BPR dan BPR Syariah juga diharapkan mampu berkontribusi dalam menyediakan layanan keuangan kepada masyarakat terutama pelaku usaha mikro dan kecil di wilayahnya.
Menurut Dian, POJK itu merupakan upaya OJK untuk terus meningkatkan pengawasan secara optimal karena berdasarkan hasil pengawasan, OJK menemukan beberapa kelemahan struktural termasuk fraud sehingga BPR atau BPR Syariah tersebut harus ditutup demi penyehatan sistem perbankan dan pelindungan konsumen.
POJK tersebut yang berlaku sejak diundangkan pada 30 April 2024 mengatur aspek kelembagaan BPR atau BPR Syariah mulai dari pendirian, kepemilikan, kepengurusan, jaringan kantor, penggabungan, peleburan, dan pengambilalihan, hingga pencabutan izin usaha atas permintaan pemegang saham.
POJK itu memuat sejumlah kebijakan strategis dalam rangka mengakselerasi penguatan aspek kelembagaan industri BPR dan BPR Syariah antara lain kesempatan bagi BPR dan BPR Syariah untuk memperluas akses permodalan melalui aksi penawaran umum efek melalui pasar modal.

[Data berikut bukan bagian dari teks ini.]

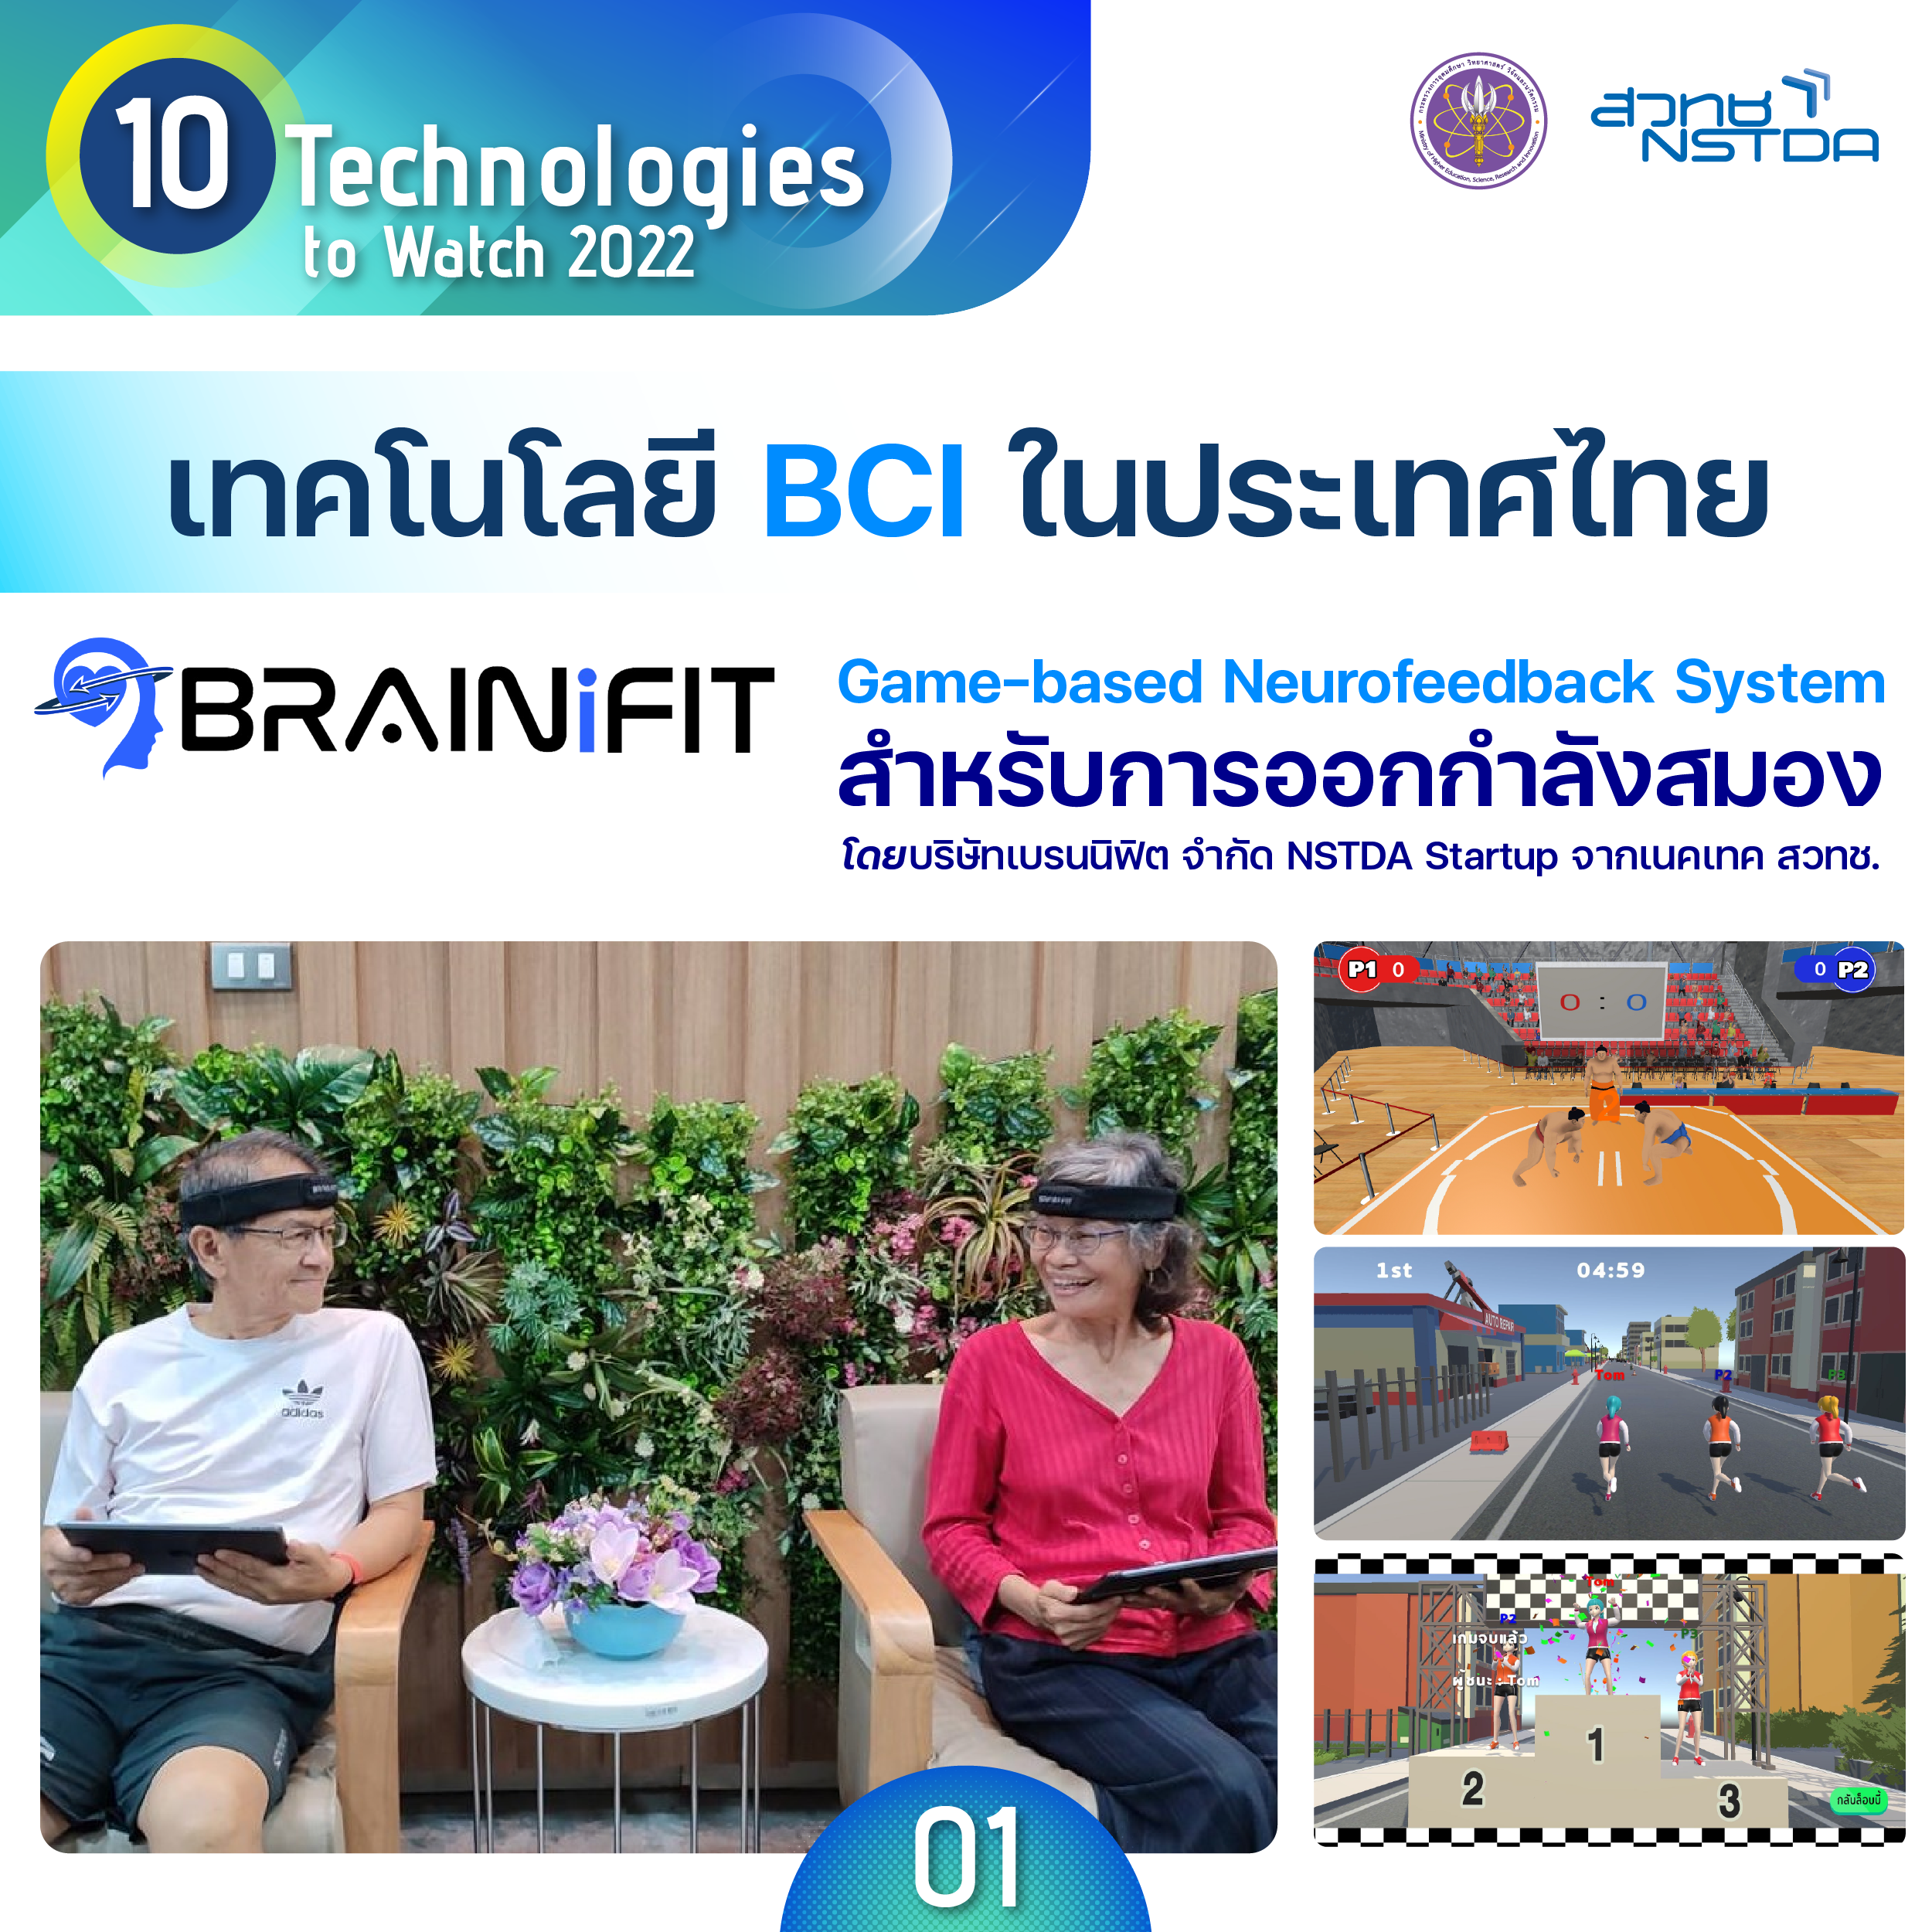 Brain-Computer Interface (BCI) เทคโนโลยีเชื่อมต่อสมองมนุษย์กับคอมพิวเตอร์

Kemudian, POJK itu mengatur tentang kebijakan penggabungan, peleburan, dan pengambilalihan termasuk kewajiban konsolidasi bagi BPR dan BPR Syariah yang berada dalam kepemilikan pemegang saham pengendali yang sama.
Kebijakan tersebut diharapkan dapat secara cepat memperkuat permodalan, memastikan kecukupan infrastruktur teknologi informasi, memperkuat tools penerapan manajemen risiko dan tata kelola, sehingga dapat mendorong penguatan daya saing industri BPR dan BPR Syariah.

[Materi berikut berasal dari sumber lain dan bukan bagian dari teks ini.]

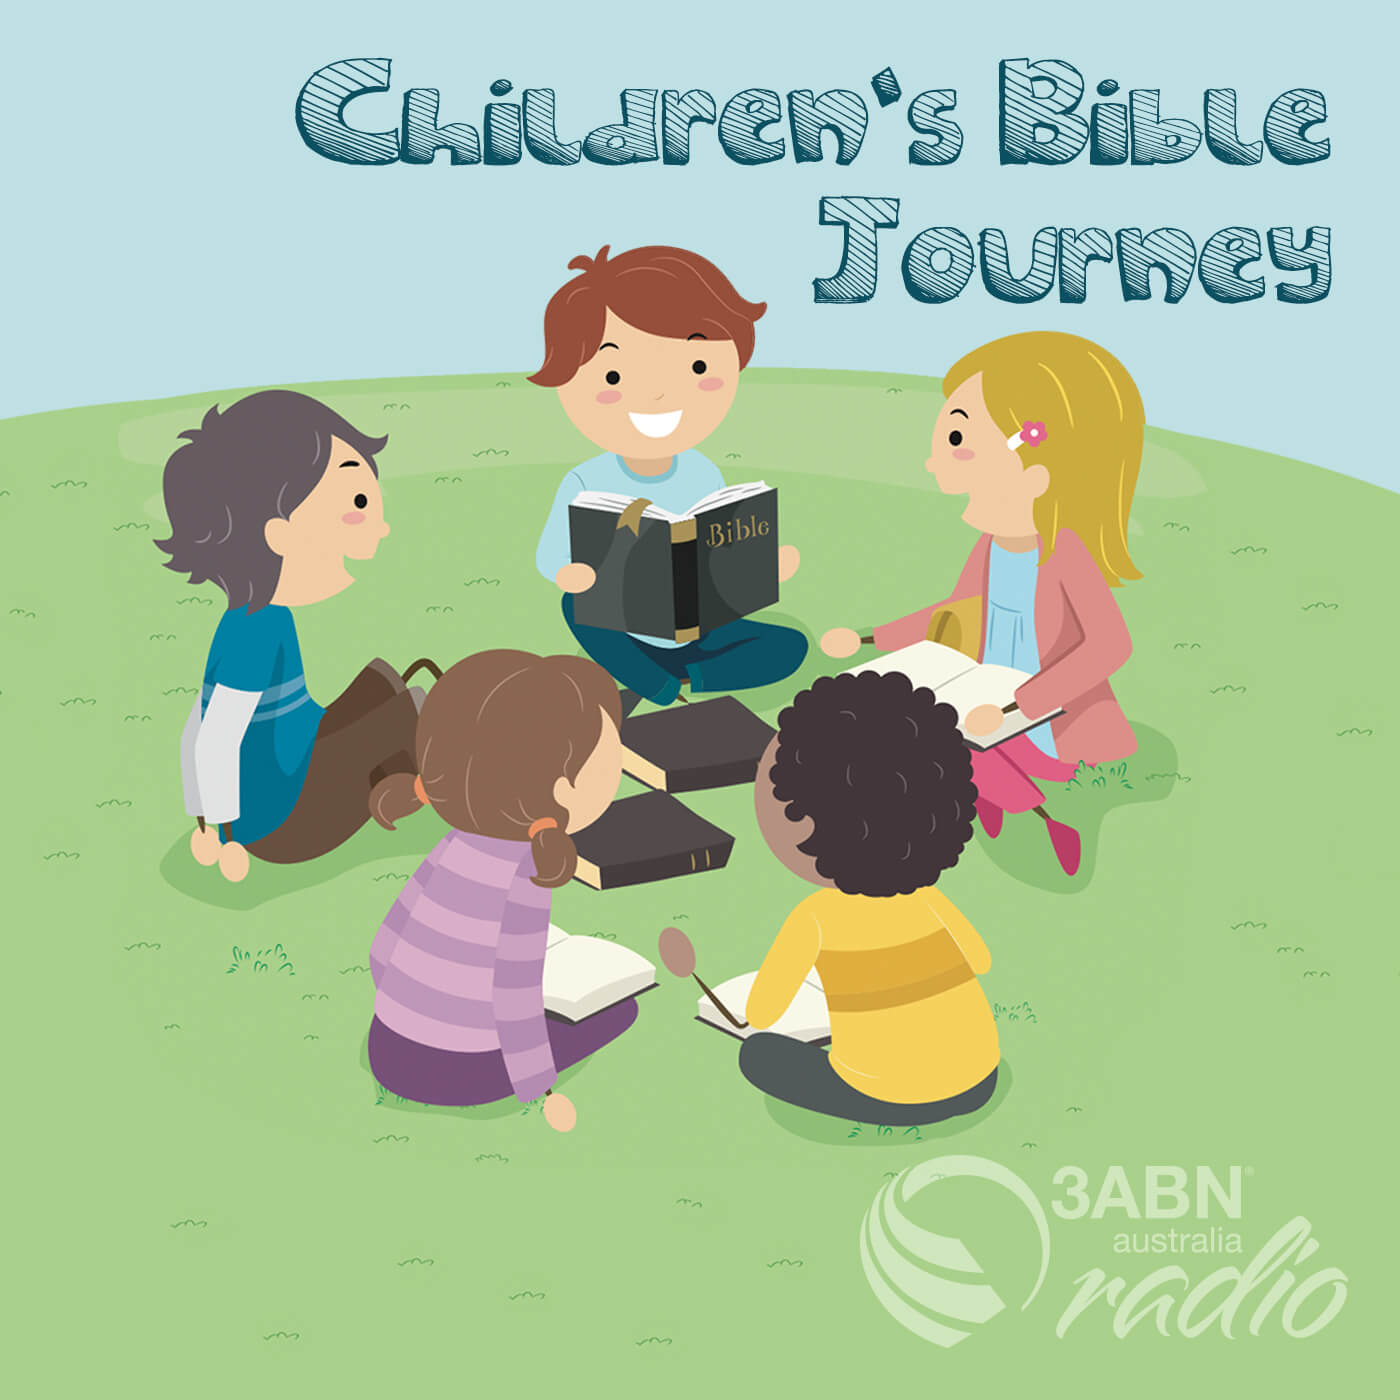 Children's Bible Journey - 2218

Dian menuturkan POJK itu juga mendorong efisiensi lembaga jasa keuangan yang memperkenankan lembaga keuangan mikro untuk melakukan aksi penggabungan dengan BPR atau BPR syariah; dan penyempurnaan aspek kelembagaan lain seperti jaringan kantor untuk mengakomodir arah pengembangan dan penguatan BPR dan BPR Syariah.
Kewajiban konsolidasi bagi BPR atau BPR Syariah grup tersebut wajib diselesaikan paling lama dua tahun sejak POJK ini berlaku bagi BPR atau BPR syariah nonpemerintah daerah, dan paling lama tiga tahun sejak POJK ini berlaku bagi BPR atau BPR syariah milik pemerintah daerah.

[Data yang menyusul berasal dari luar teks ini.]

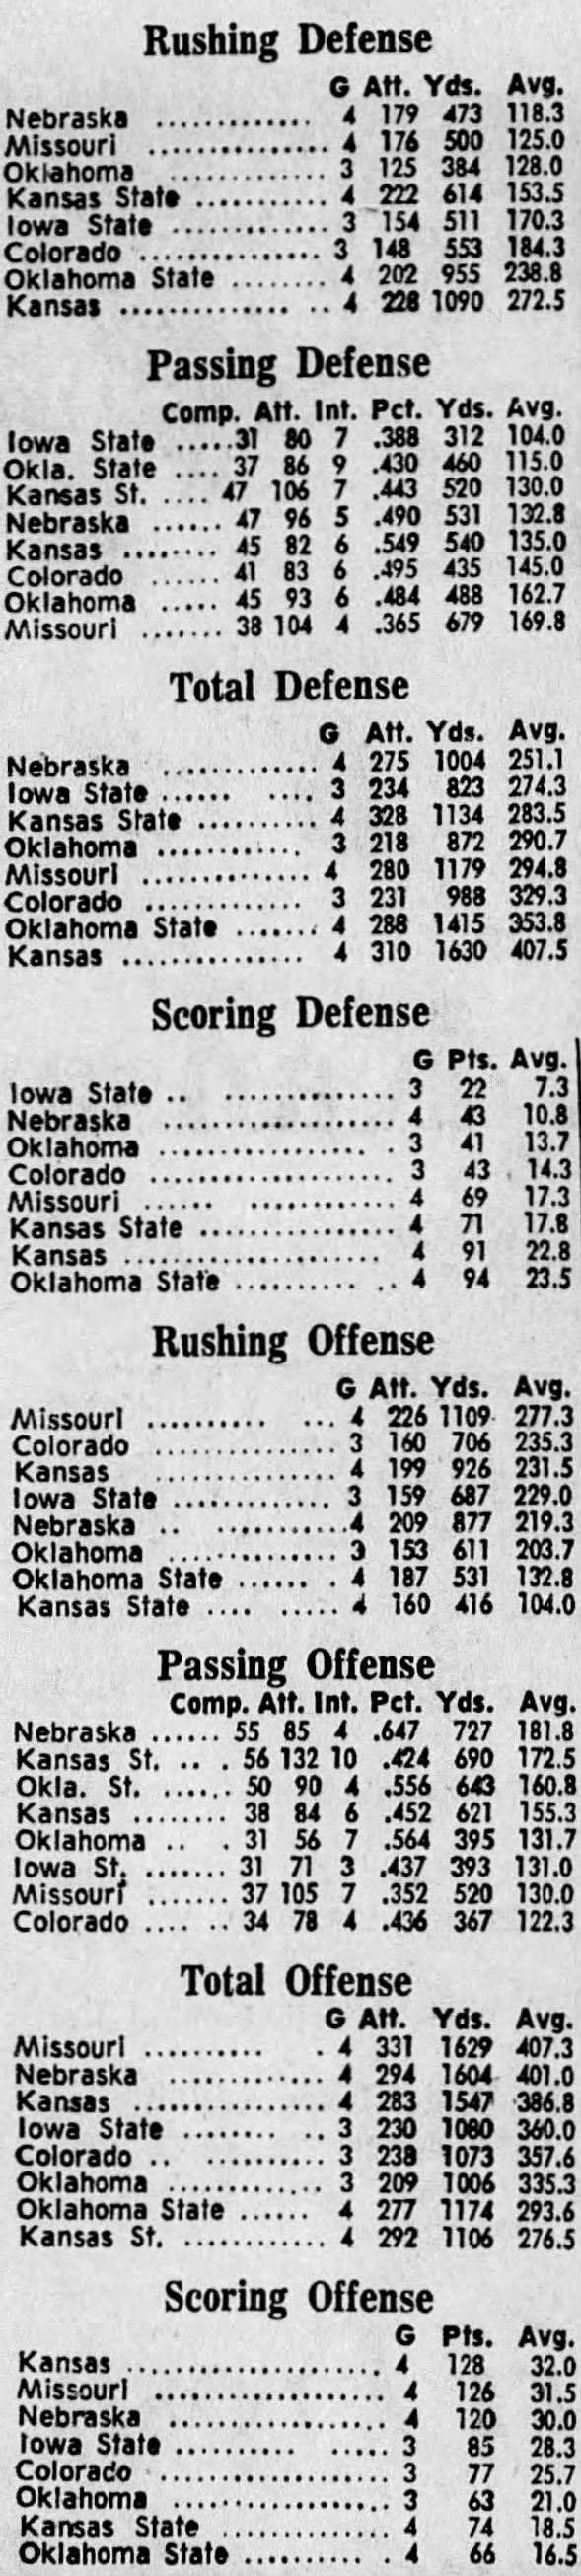 1970 Big Eight team stats, 4 games

Dian berharap POJK itu dapat meningkatkan level of playing field BPR dan BPR syariah serta memperkuat kapasitas permodalan industri BPR dan BPR syariah.
OJK meyakini kebijakan konsolidasi BPR dan BPR syariah dapat menjadikan industri lebih efisien dan semakin berkontribusi bagi perekonomian dan masyarakat.